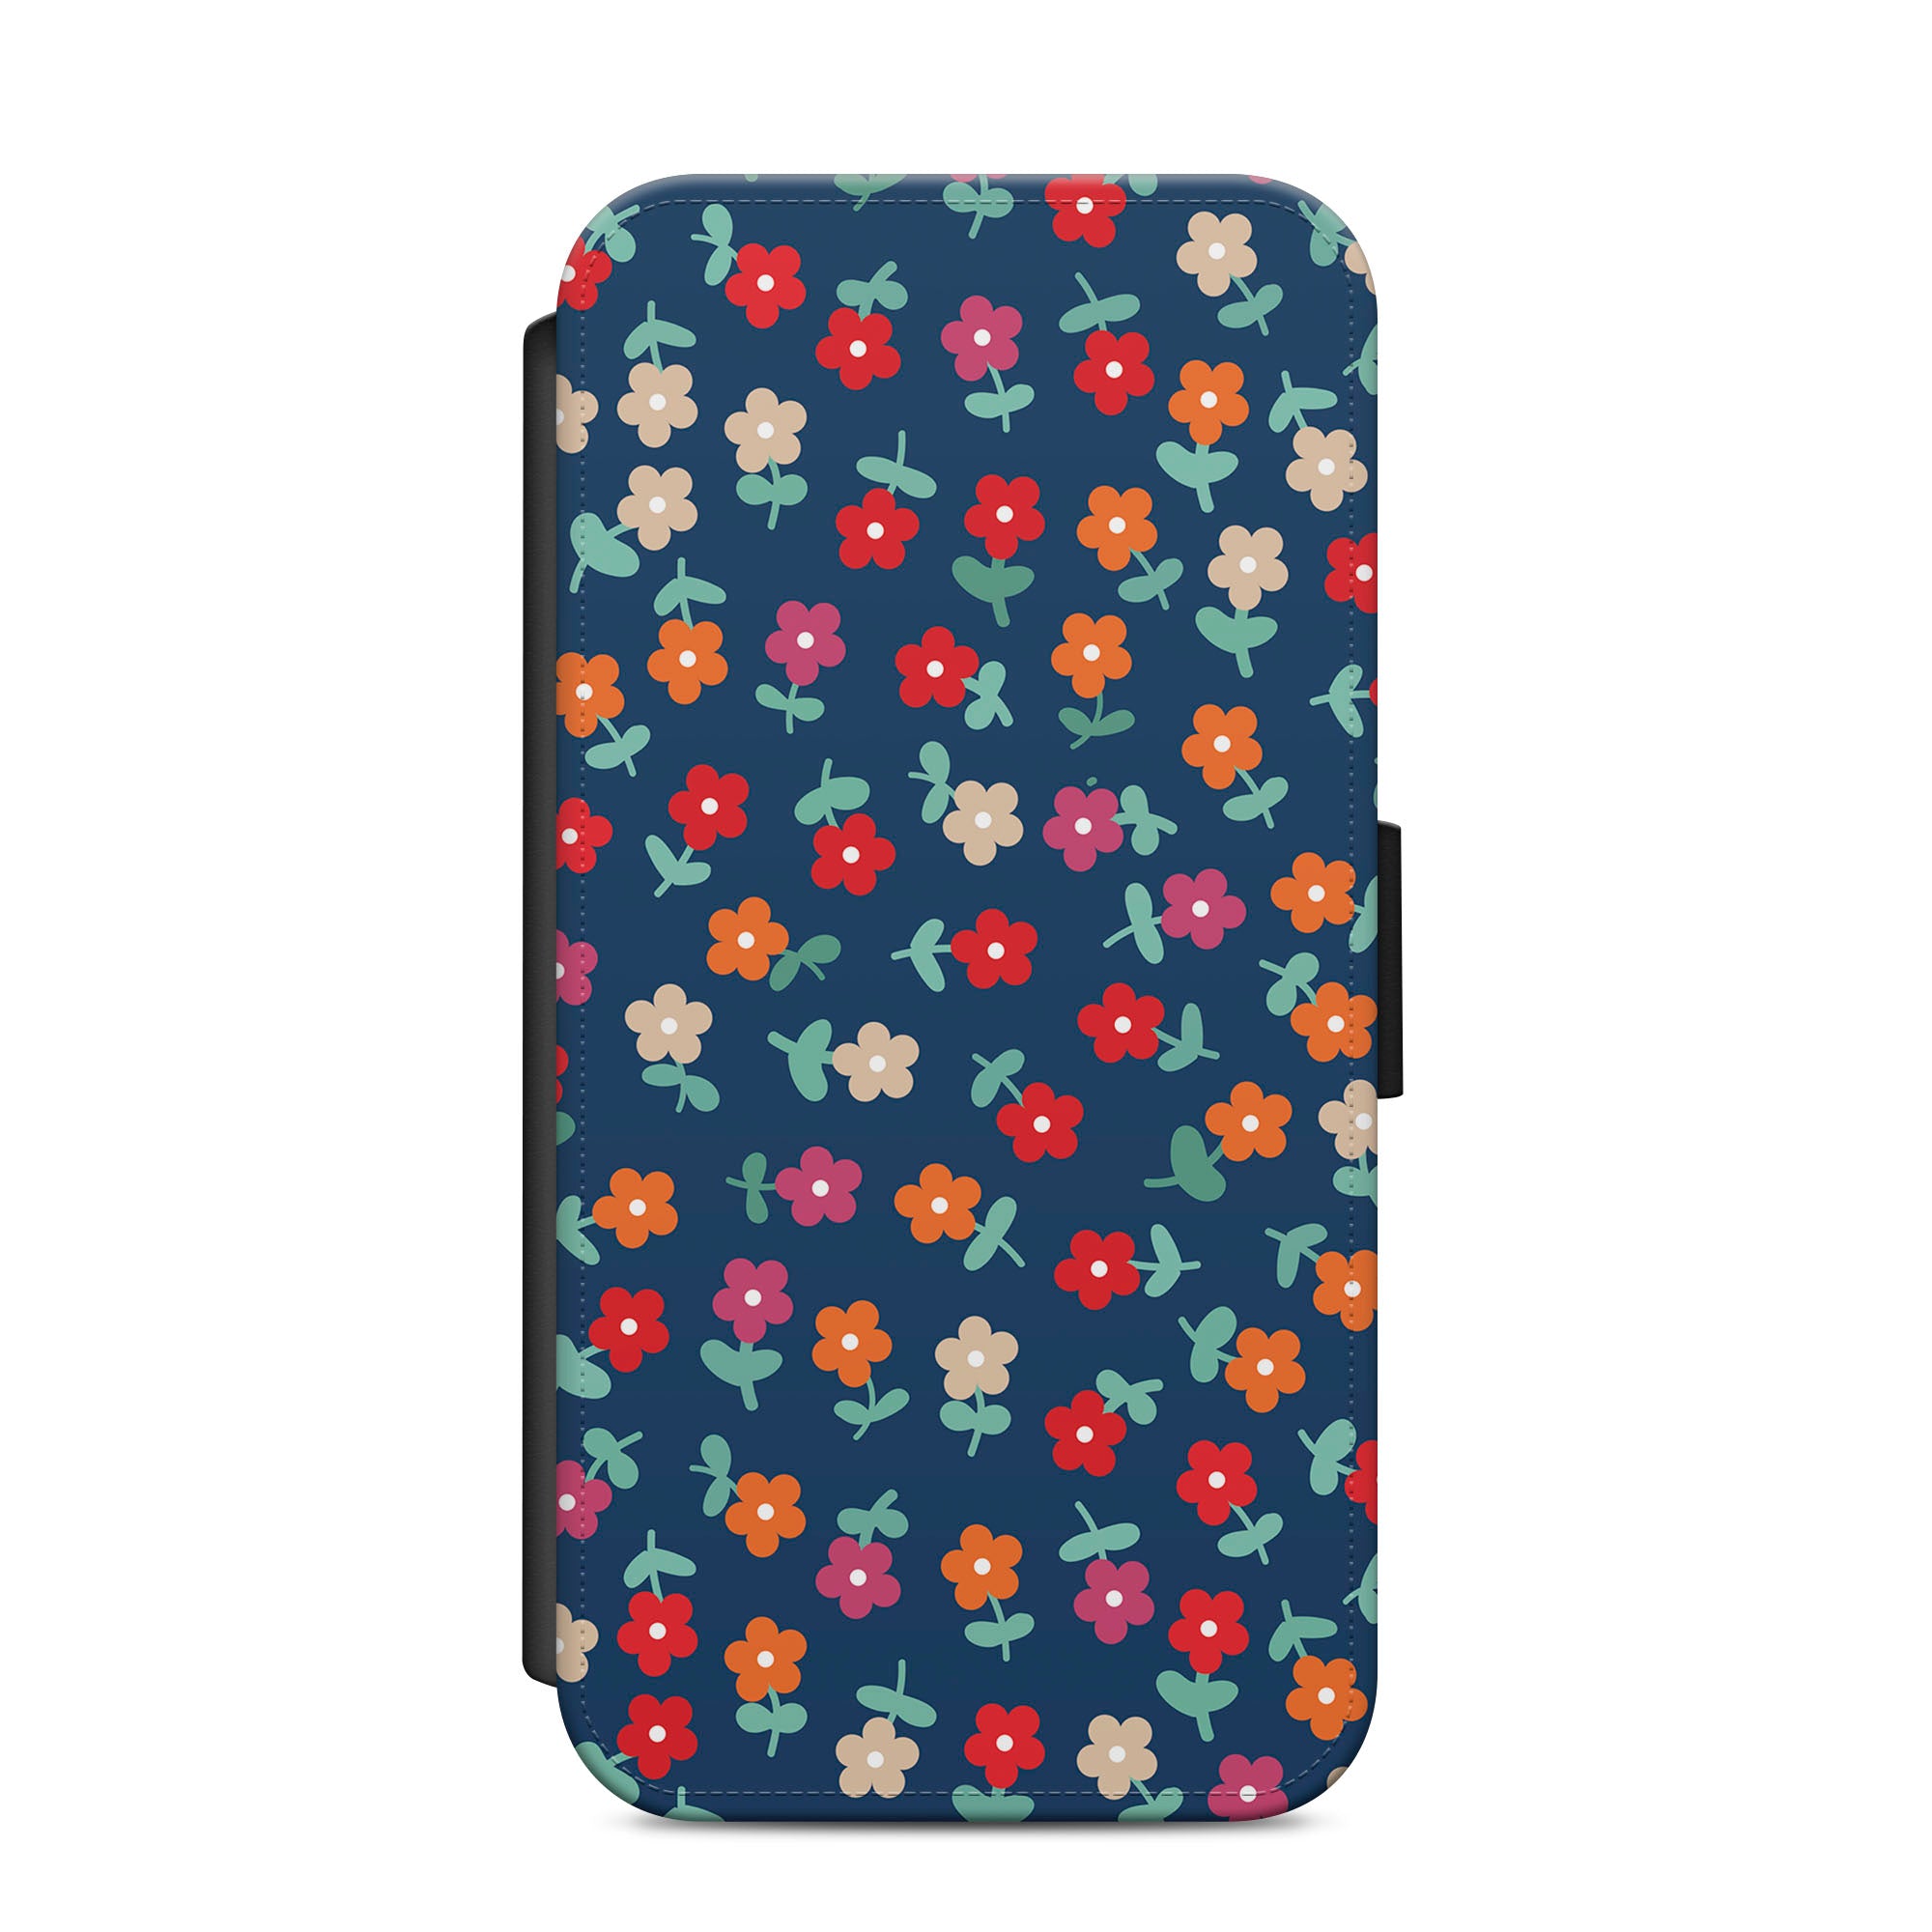 Navy Blue Floral Pattern Faux Leather Flip Case Wallet for iPhone / Samsung
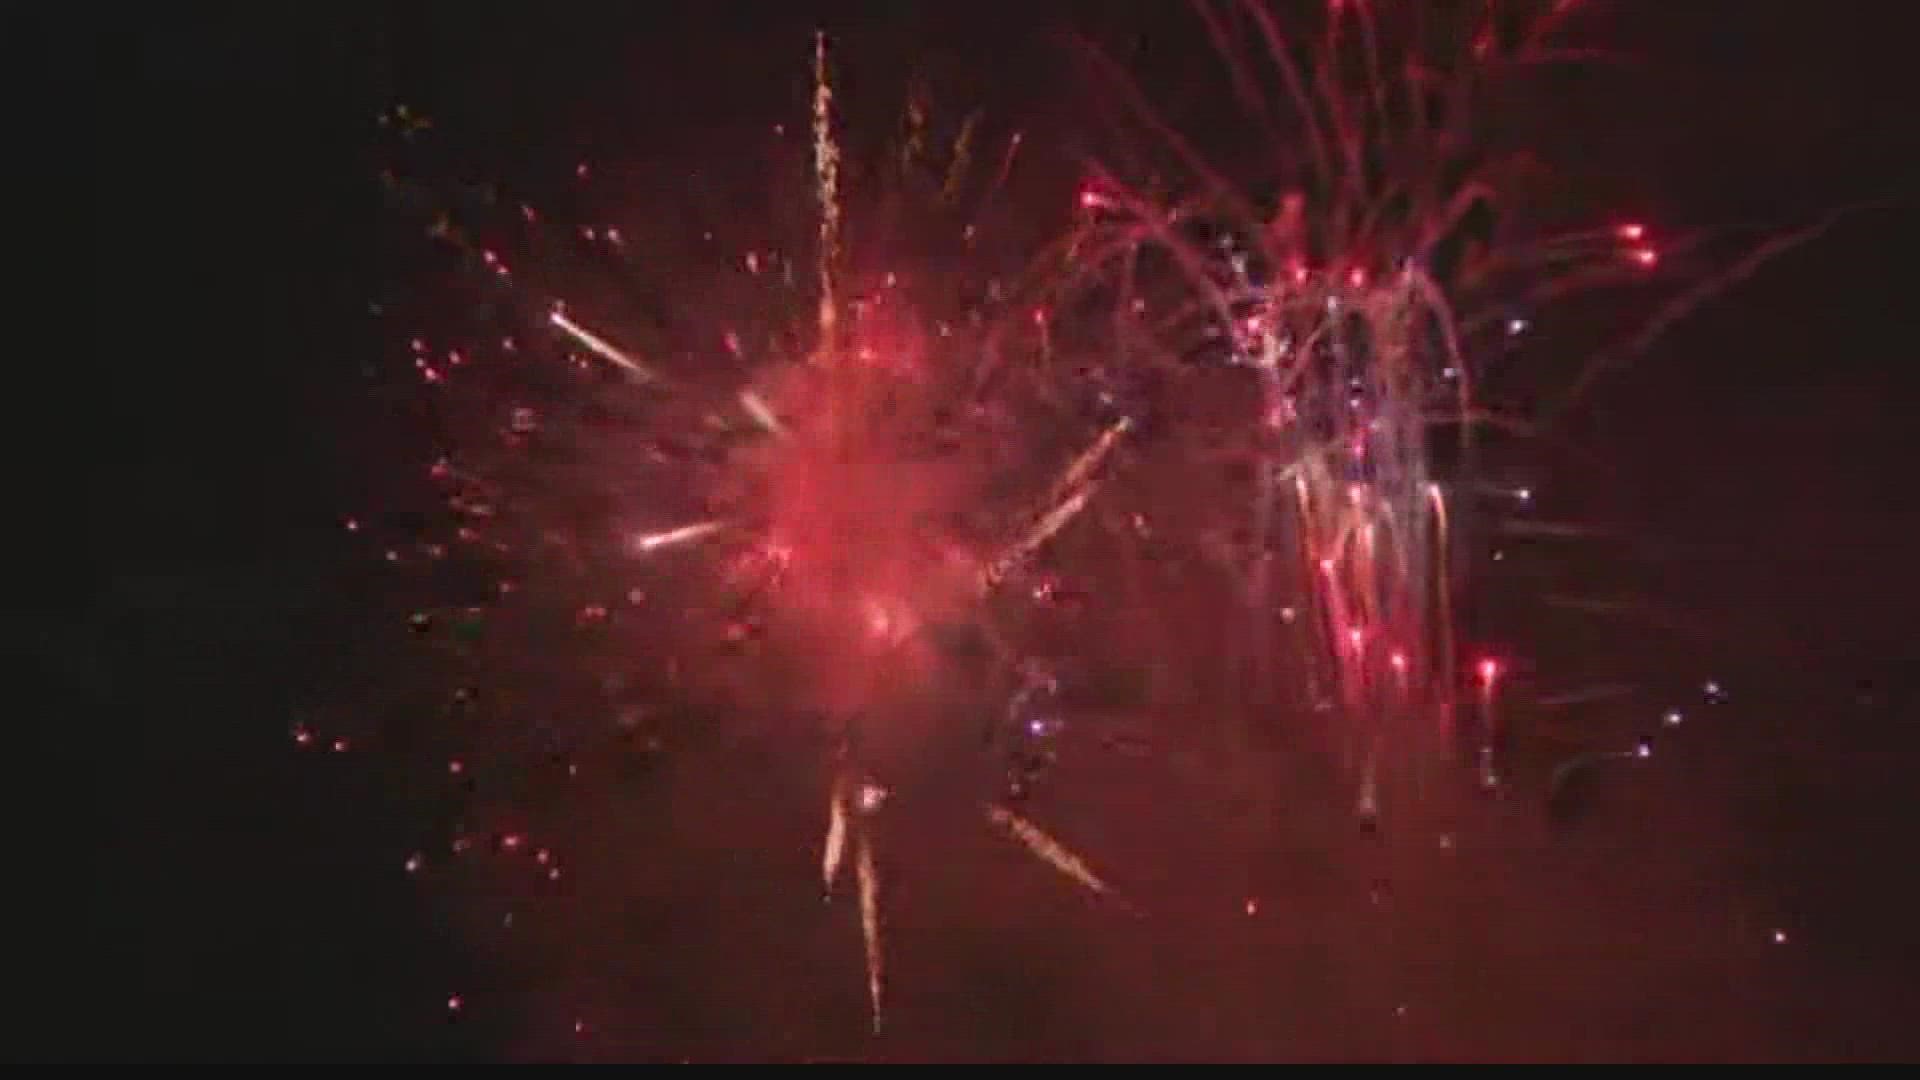 Every Fourth of July, Phoenix neighborhoods see illegal use of aerial fireworks shooting up in the air. While it’s meant for fun, the explosives risk injury or fire.
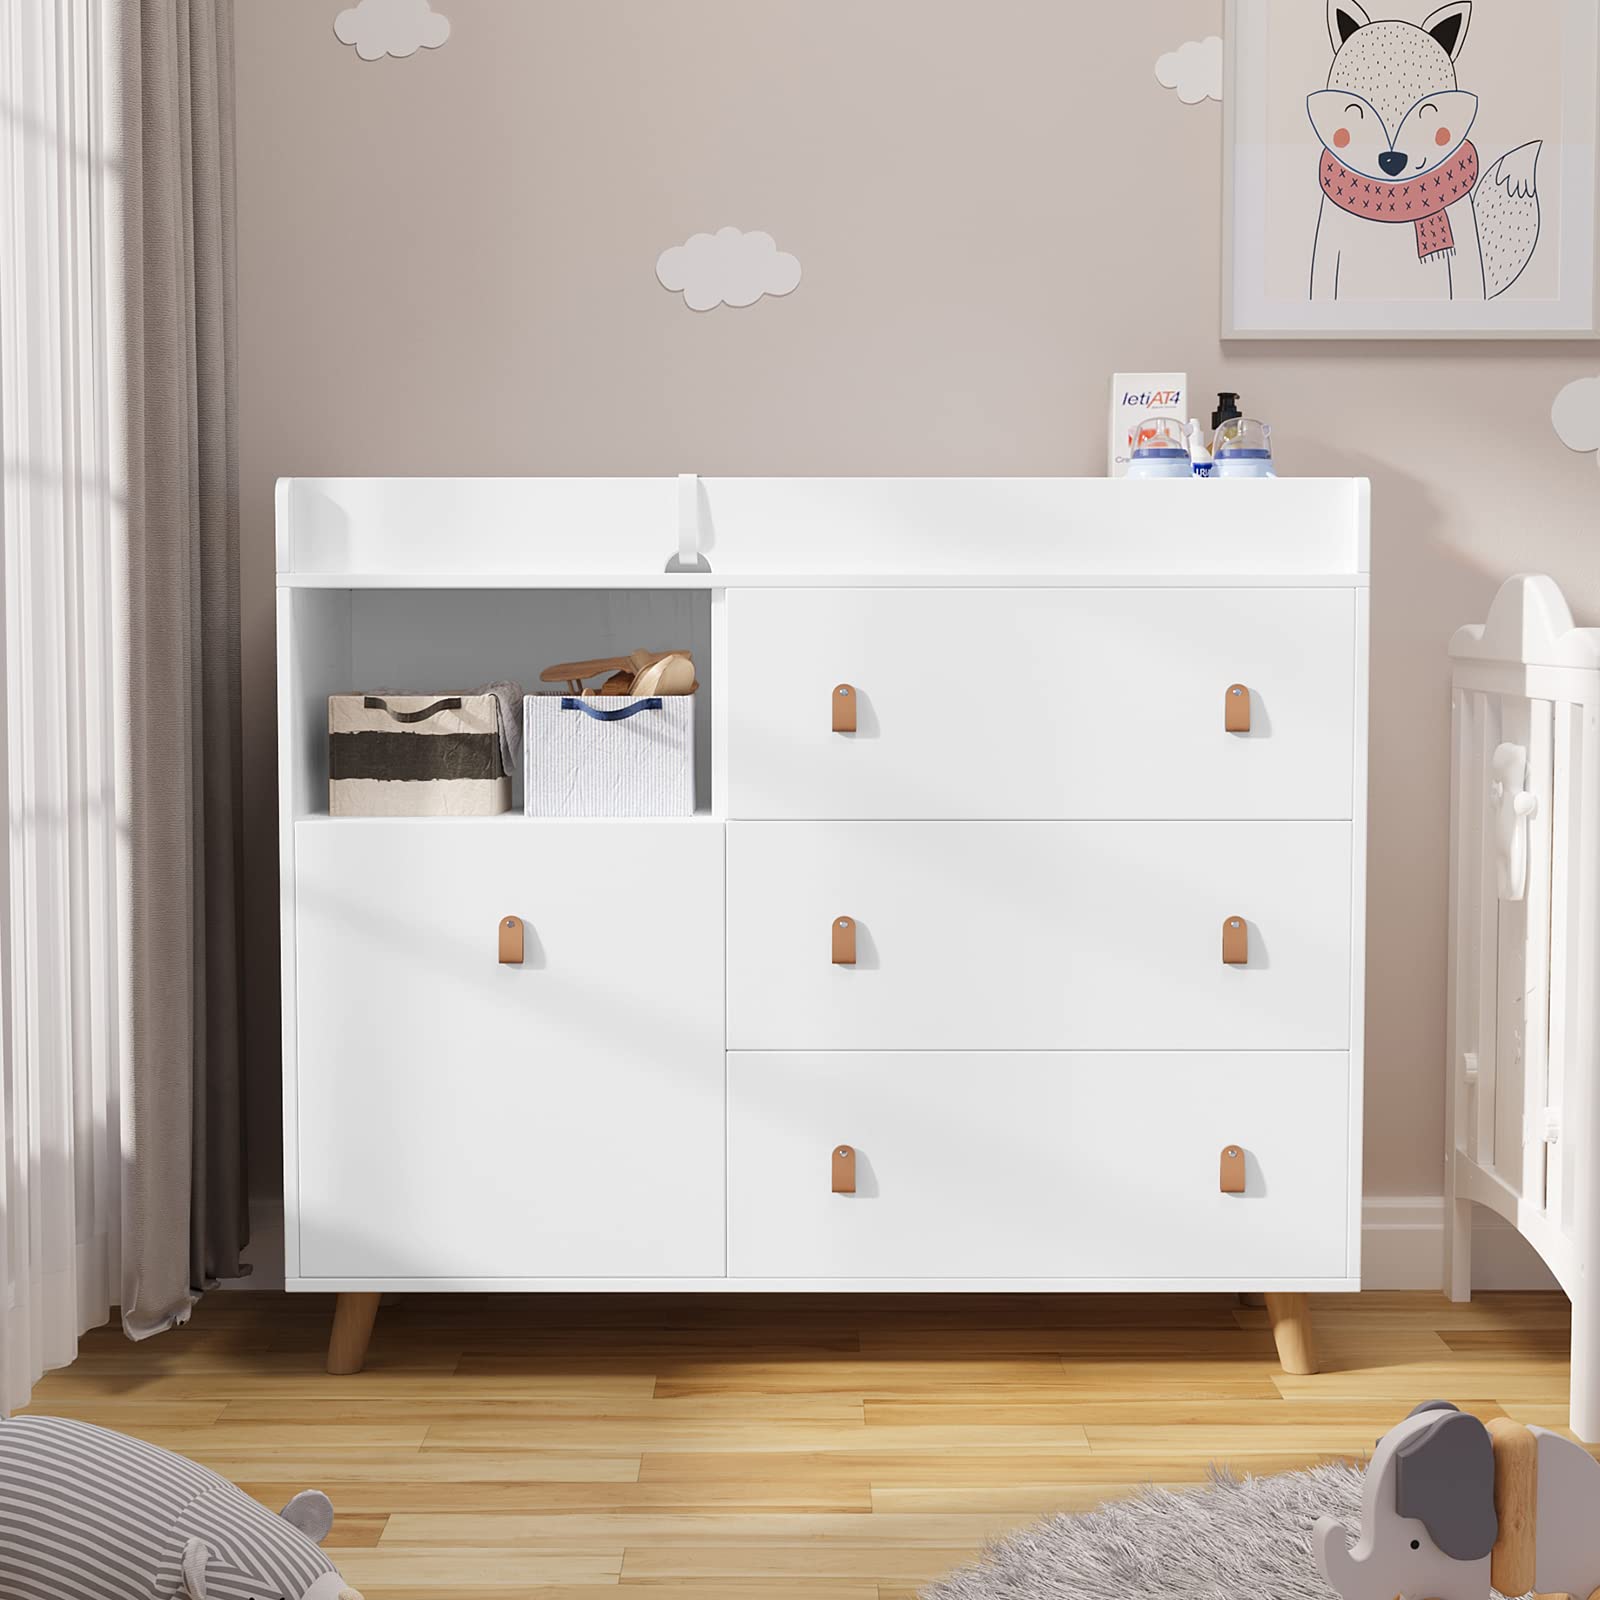 Timechee Baby Changing Table Dresser, Modern Nursery Changing Dresser Chest with 3 Drawers & 1 Shelf, Diaper Changing Pad, Storage Changing Dresser (White)

> _ASSIGNMENT_
Drop the pictures, then repeat the material word for word.

> _RESPONSE BOX_
 Navy Blue Floral Pattern Faux Leather Flip Case Wallet for iPhone / Samsung
 Every Fourth of July, Phoenix neighborhoods see illegal use of aerial fireworks shooting up in the air. While it’s meant for fun, the explosives risk injury or fire.
 Timechee Baby Changing Table Dresser, Modern Nursery Changing Dresser Chest with 3 Drawers & 1 Shelf, Diaper Changing Pad, Storage Changing Dresser (White)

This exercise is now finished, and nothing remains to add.